A back four was restored, Son shifted left and Richarlison sent through the middle. It made no real difference to the flow of the game in the early parts of the second half. Everton continued to create chances at will and really should have extended their lead.

Antonin Kinsky had a horrible game at Arsenal. It damns the rest of Spurs’ efforts at Goodison to note he was excellent here.

But this is Spurs and this is Everton, so of course there was still some late nonsense. Spurs scored twice because of course they scored twice, the perfect number to make you question your judgement without actually impacting the hugely damaging result.

The first from Dejan Kulusevski was a brilliantly clever finish after Pickford had gone walkabout, the second poked home by Richarlison – of course Richarlison, given his fondness for goals both at Everton and in devastating defeats – from a superb Mikey Moore cross.
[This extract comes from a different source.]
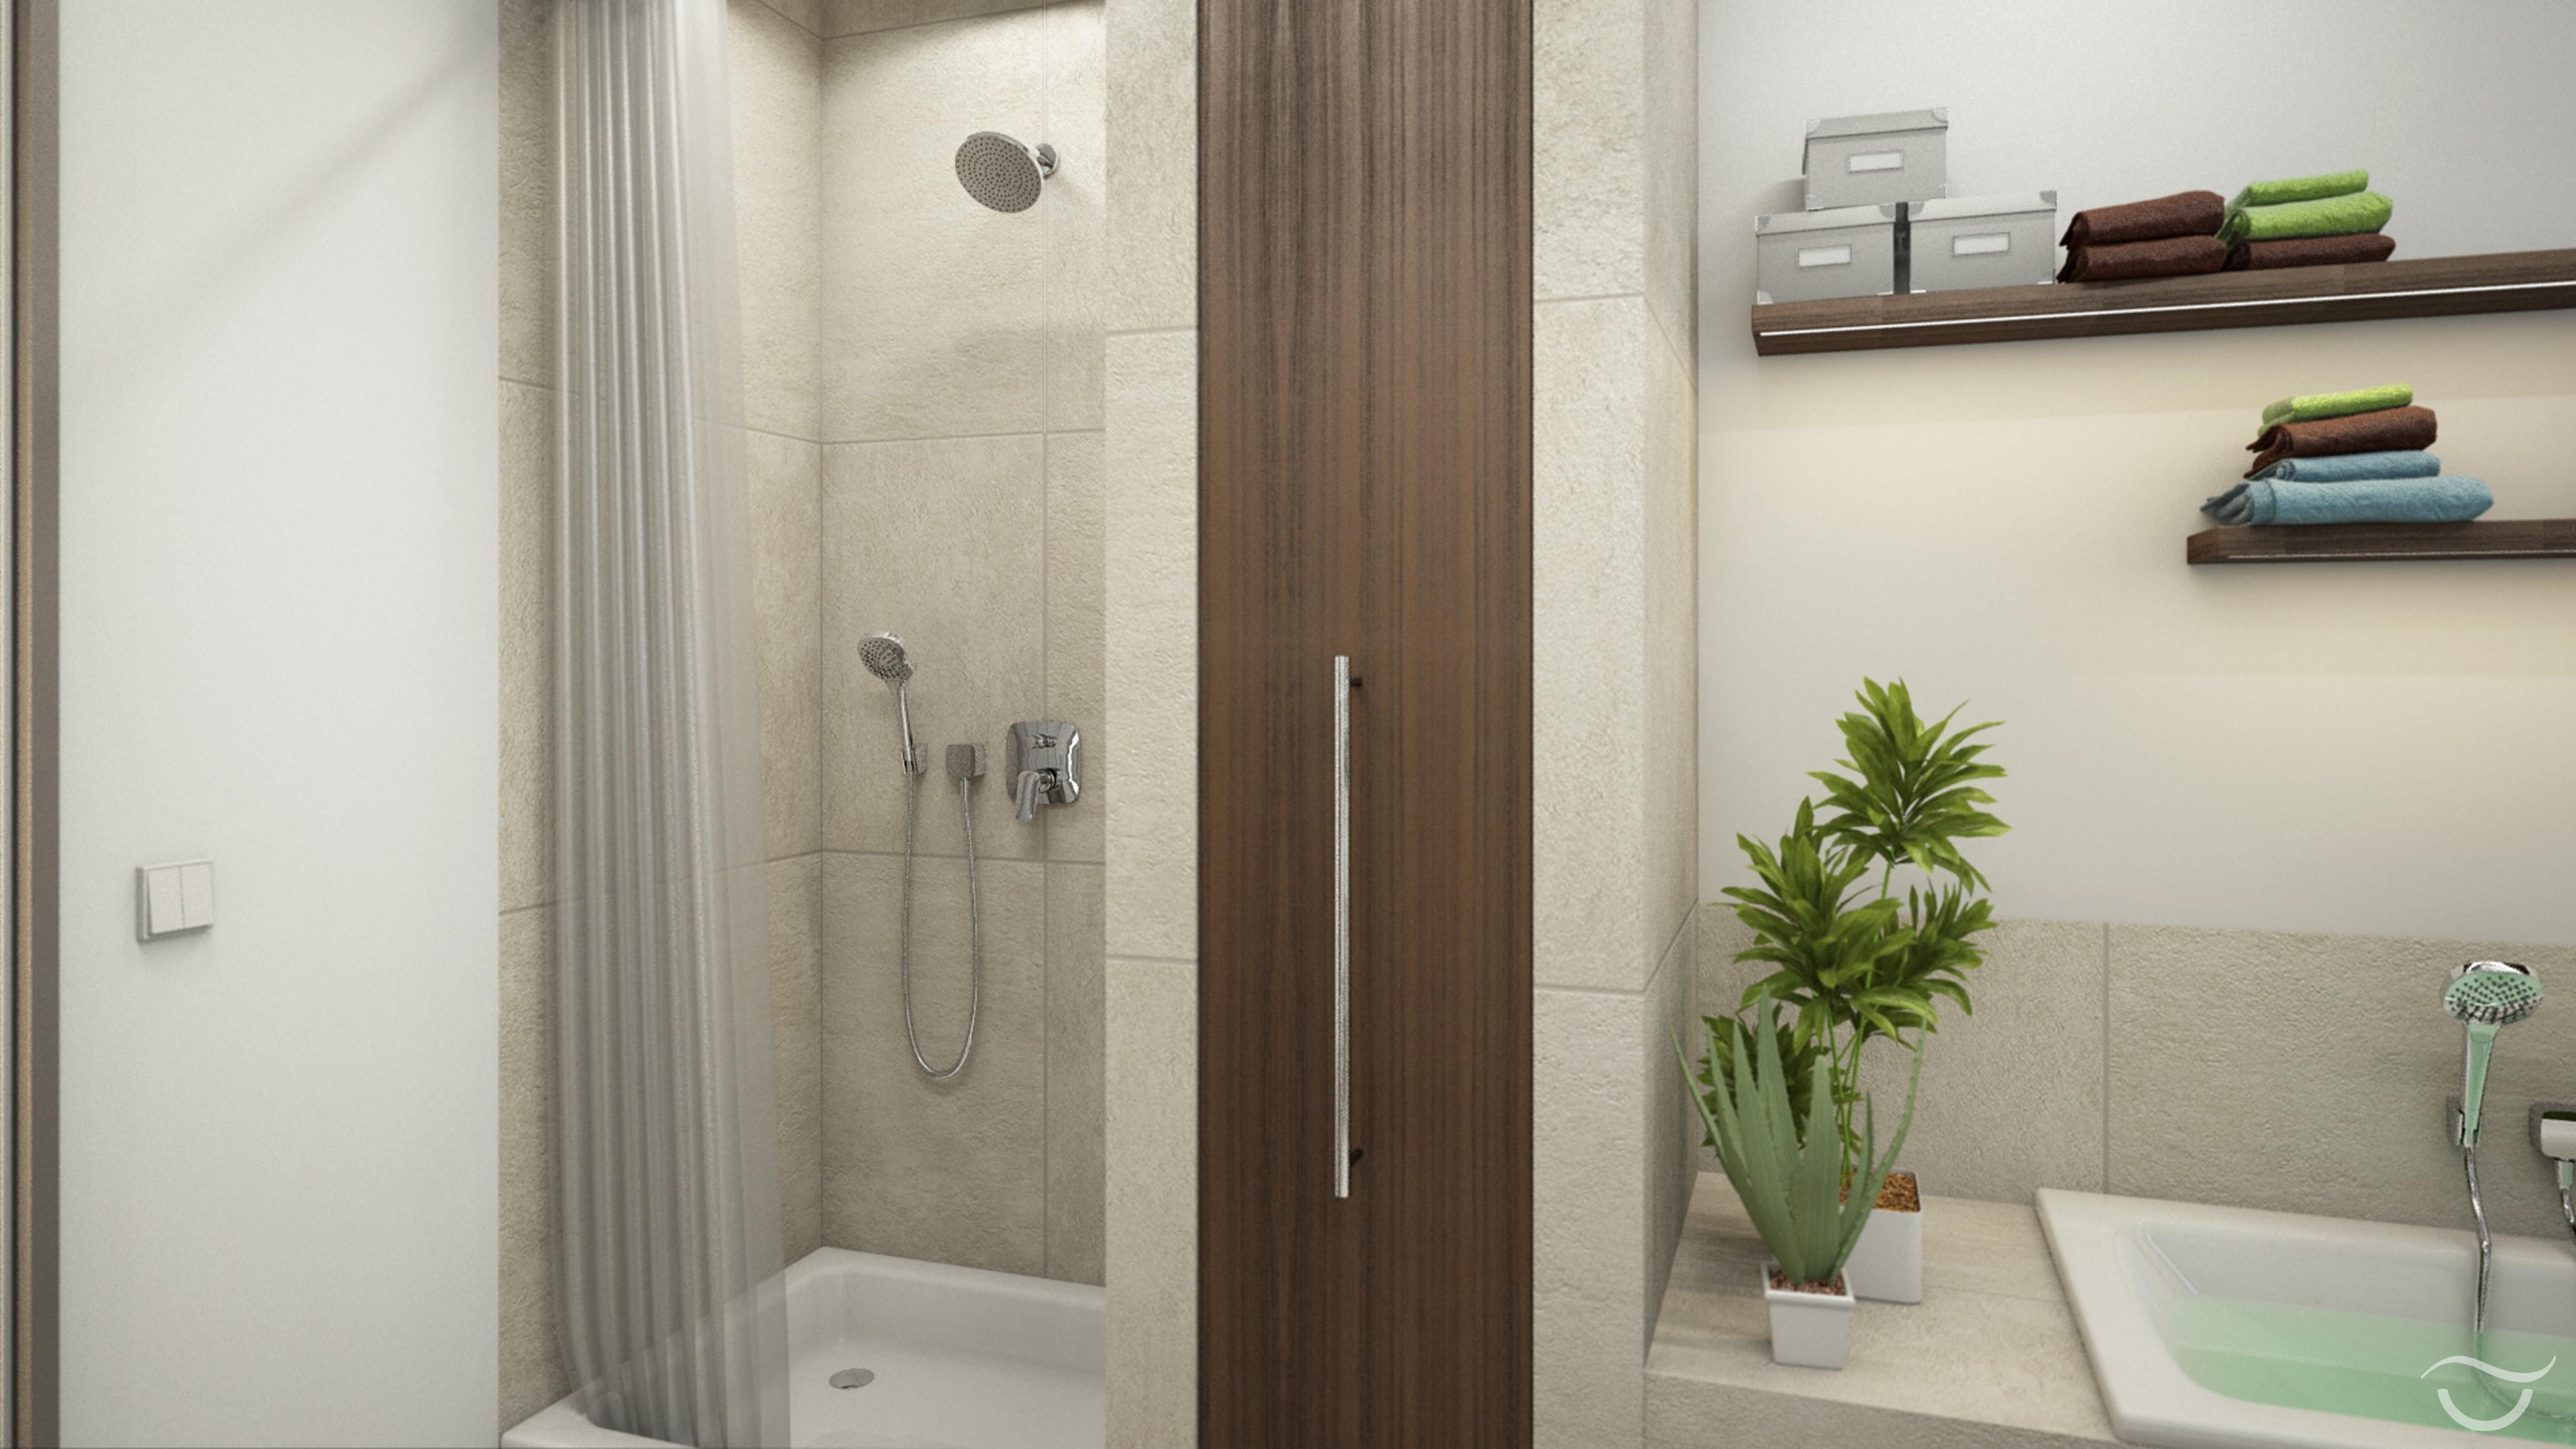 Einbauschrank Im Badezimmer Ist Richtig Praktisch N - Badezimmer einbauschrank

Thoroughly typical all round from two teams who set out at all times to make their fans’ lives thoroughly miserable at worst but never anything other than unbearably and unnecessarily stressful even at their best.

And it was also increasingly typical of late-era Postecoglou. This twelfth – twelfth! – Premier League defeat of the season for Spurs somehow ended up as the eleventh to have come by only a single goal. It sort of looks like it’s a bit unlucky and it could change, but also it absolutely isn’t and won’t. So, so many of those defeats have flattered Spurs as thoroughly as this one did. Even the one defeat by a wider margin – the genuinely insane 6-3 against Liverpool – could and should have been much much worse.

But more relevant than the specifics of the scoreline is the false hope. And it is false. Spurs nearly found an unlikely way back into this game. Spurs nearly do a lot of things. But the amount of credit for nearly digging yourself out of a ridiculously deep hole of your own making should be so small as to be barely measurable.

The second-half fightback, such as it was, cannot be used as any kind of cover for what was, for 75 minutes, a long and mortifying resignation letter.

Enough is surely enough, mate. Spurs are where they are; even those who cling to the belief, aided perhaps by those two late goals, that Postecoglou might somehow still be the manager for some possible bright future really should accept that he is absolutely not the manager for their darkly-comic present.

Give it Dychey until end of the season.